Statistical significance ≠ theoretical validity:

- SignalY provides **methodology**, not **theory**
- Variable selection criteria must be justified by domain knowledge
- Significant loadings require theoretical interpretation

### 4. Handle Diagnostics

```{r diag, eval=FALSE}
# Check Horseshoe convergence
result$horseshoe$diagnostics
# Look for: n_divergent = 0, max_rhat < 1.01, ESS > 400

# Check LOO-CV
result$horseshoe$loo
# Pareto k > 0.7 indicates problematic observations
```

## Computational Considerations

### Memory and Time

| Method | Complexity | Memory | Time (n=1000, p=100) |
|--------|-----------|--------|---------------------|
| Wavelets | O(n log n) | Low | < 1 sec |
| EMD | O(n × IMFs) | Low | 1-5 sec |
| HP-GC | O(n × iter × chains) | Medium | 30-60 sec |
| Horseshoe | O(n × p × iter × chains) | High | 1-5 min |
| PCA | O(n × p²) | Medium | < 1 sec |
| DFM | O(n × p × factors) | Medium | 1-10 sec |

### Parallelization

Stan-based methods (Horseshoe, HP-GC) automatically parallelize across chains.

### Memory Management

For large datasets:

```{r memory, eval=FALSE}
# Use fewer bootstrap replications
pca_config = list(n_boot = 500)

# Use fewer MCMC iterations
horseshoe_config = list(n_iter = 1000, n_warmup = 500)

# Analyze subsets
result <- signal_analysis(data[1:500, ], ...)
```

## References

1. Piironen, J., & Vehtari, A. (2017).
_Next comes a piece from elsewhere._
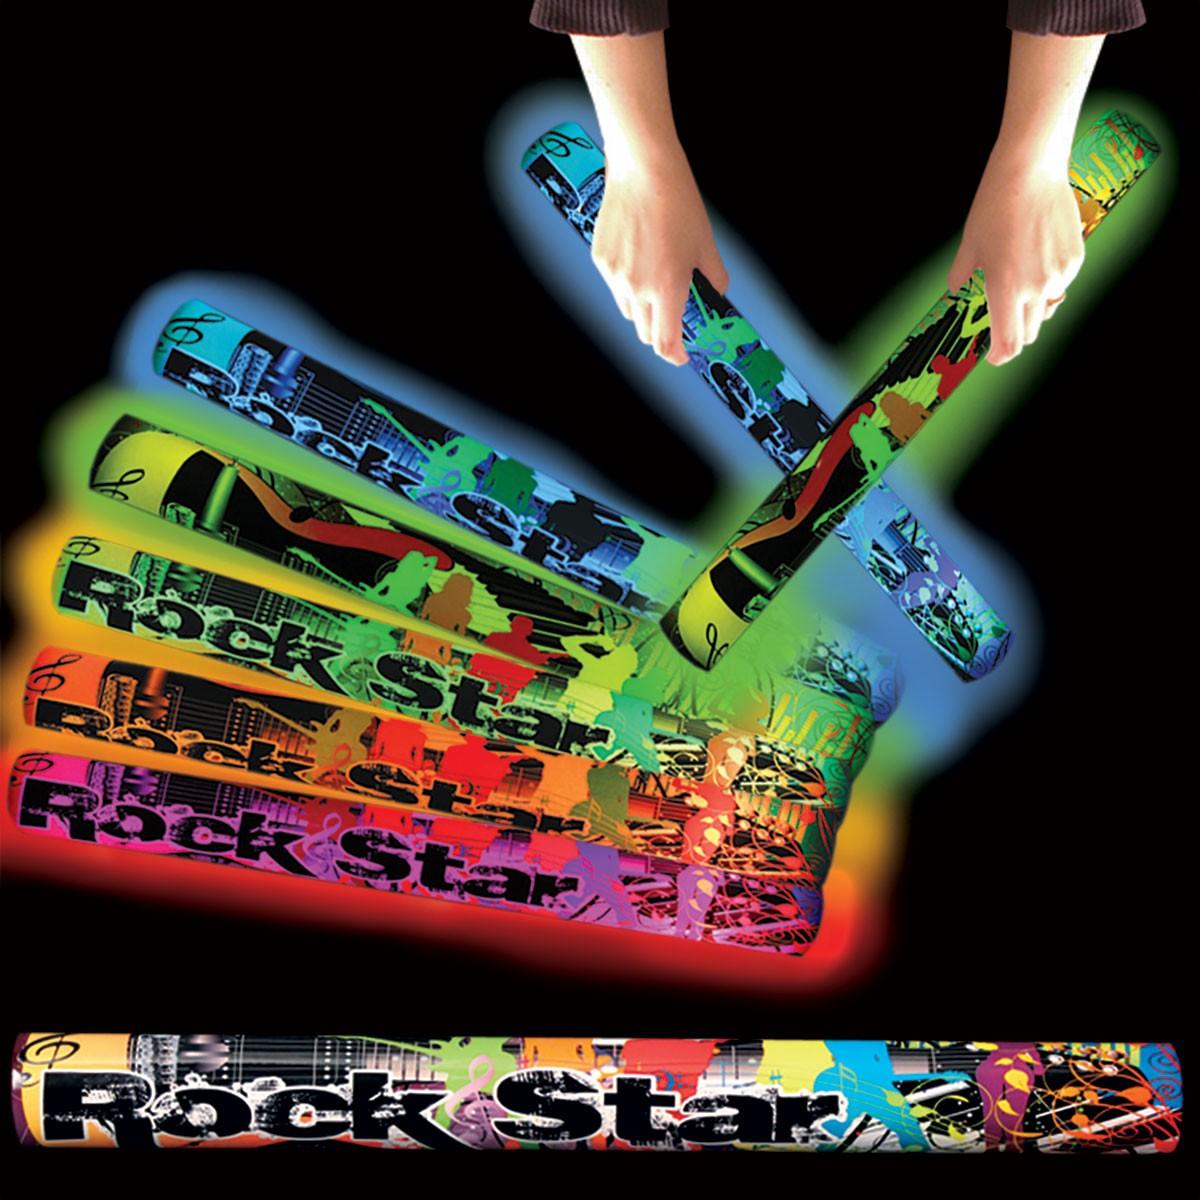 ILLUMI-TON W ROCK STAR THEME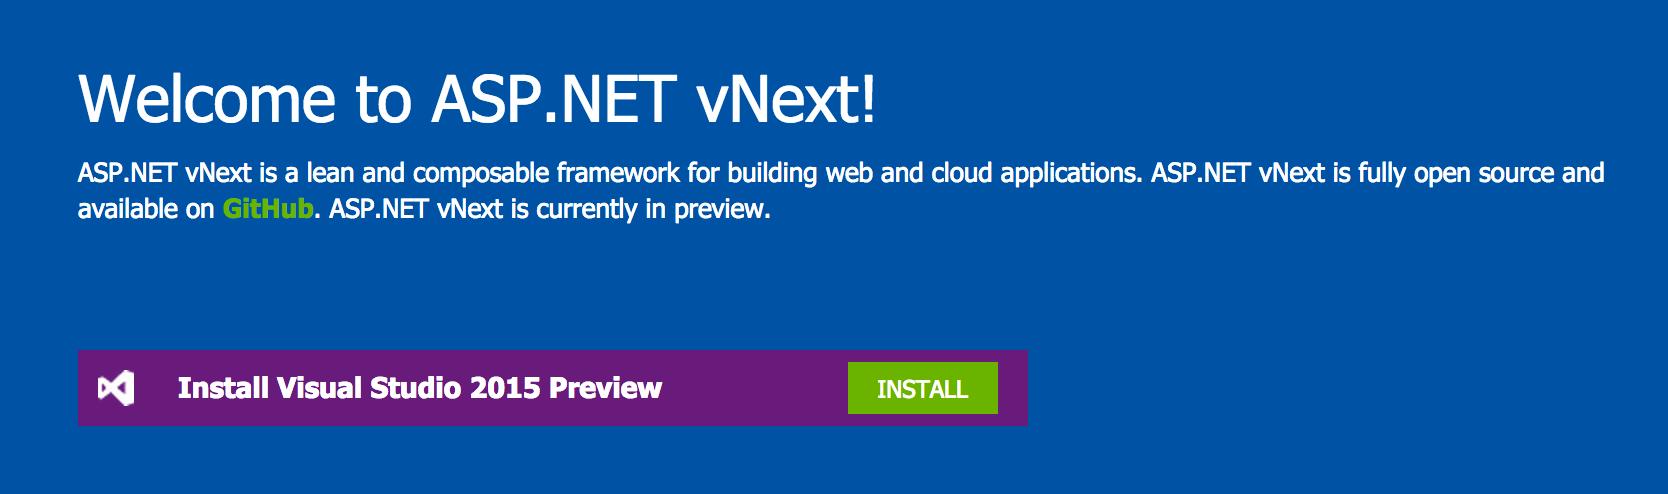 asp.net mvc中实现Forms身份验证身份验证流程的实例

Sparsity information and regularization in the horseshoe and other shrinkage priors. *Electronic Journal of Statistics*, 11(2), 5018-5051.

2. Bai, J., & Ng, S. (2002). Determining the Number of Factors in Approximate Factor Models. *Econometrica*, 70(1), 191-221.

3. Grant, A. L., & Chan, J. C. C. (2017). A Bayesian Model Comparison for Trend-Cycle Decompositions of Output. *Journal of Money, Credit and Banking*, 49(2-3), 525-552.

4. Percival, D. B., & Walden, A. T. (2000). *Wavelet Methods for Time Series Analysis*. Cambridge University Press.

5. Huang, N. E., et al. (1998). The empirical mode decomposition and the Hilbert spectrum for nonlinear and non-stationary time series analysis. *Proceedings of the Royal Society A*, 454, 903-995.